> _EXERCISE DATA_:
◇ ◇ ◇ ◇ ◇
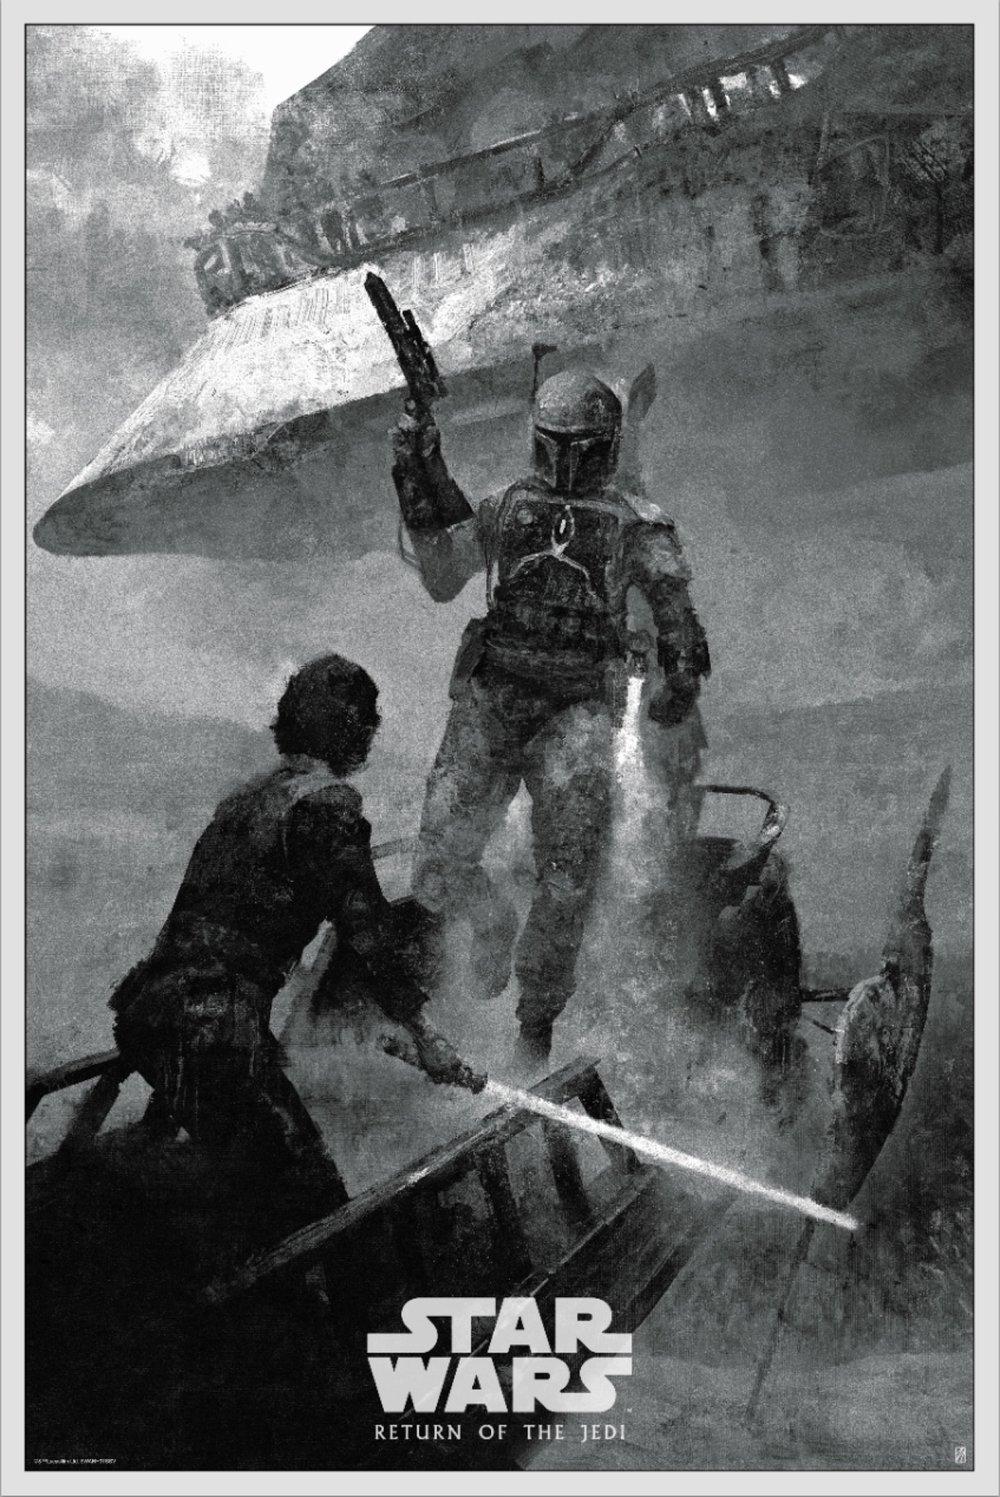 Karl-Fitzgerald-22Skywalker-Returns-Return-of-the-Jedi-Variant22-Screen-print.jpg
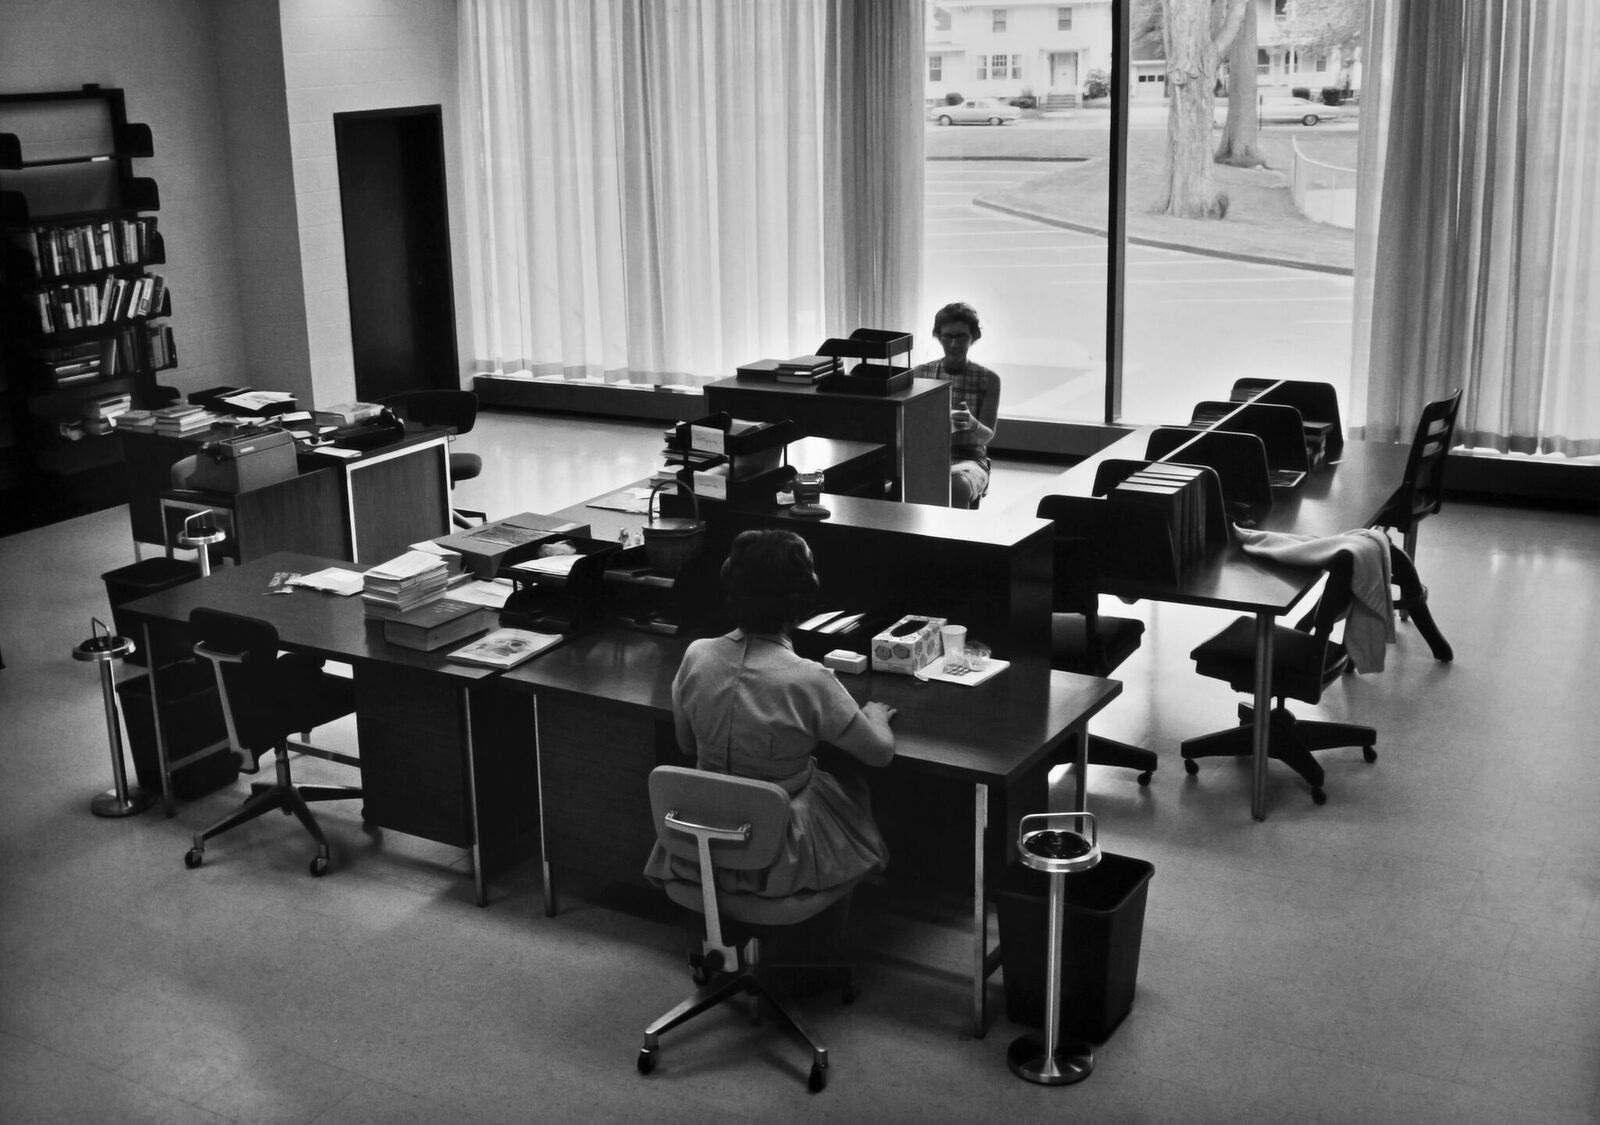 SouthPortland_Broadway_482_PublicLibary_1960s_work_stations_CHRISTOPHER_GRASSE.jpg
◇ ◇ ◇ ◇ ◇
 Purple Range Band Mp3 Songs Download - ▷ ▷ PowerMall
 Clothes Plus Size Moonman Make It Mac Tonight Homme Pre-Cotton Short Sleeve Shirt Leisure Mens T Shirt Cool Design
◇ ◇ ◇ ◇ ◇
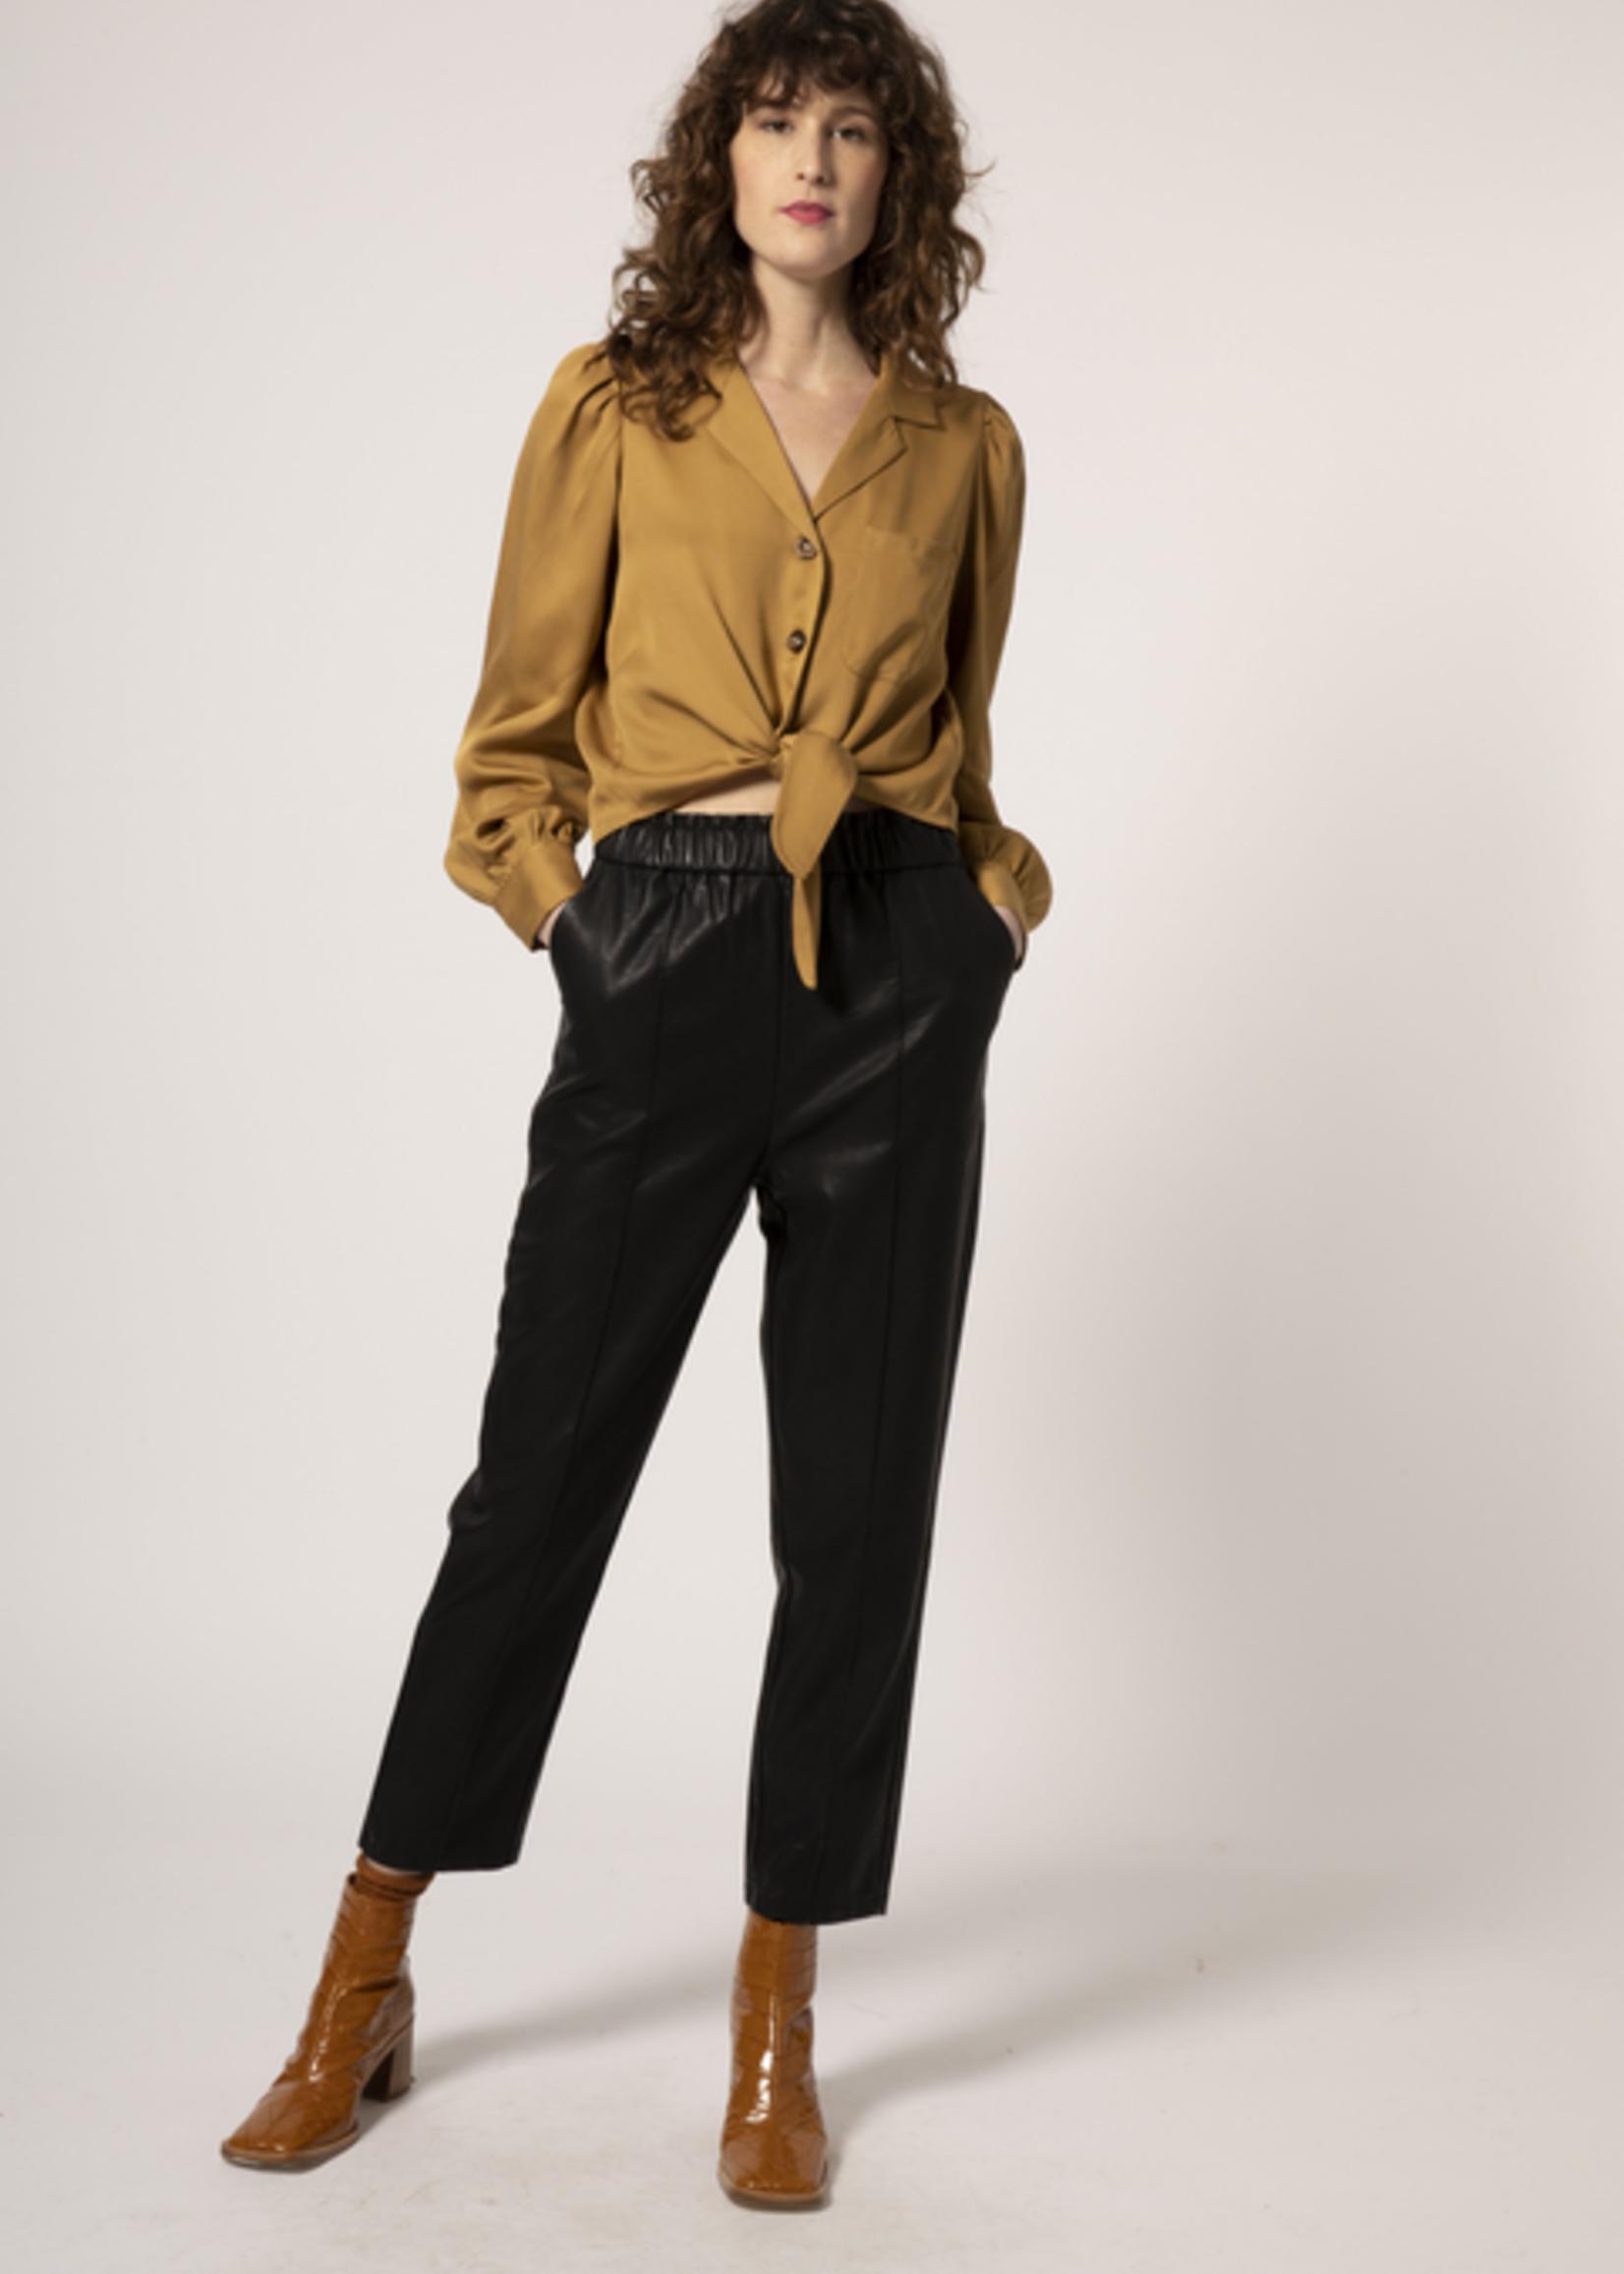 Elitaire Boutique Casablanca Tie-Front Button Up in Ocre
◇ ◇ ◇ ◇ ◇
> _TASK_: Take the lines above from the one containing "Purple Range Band" to the one containing "Clothes Plus Size" and retype them exactly, both ends included, with nothing added.

> _EXPECTED ANSWER_:
 Purple Range Band Mp3 Songs Download - ▷ ▷ PowerMall
 Clothes Plus Size Moonman Make It Mac Tonight Homme Pre-Cotton Short Sleeve Shirt Leisure Mens T Shirt Cool Design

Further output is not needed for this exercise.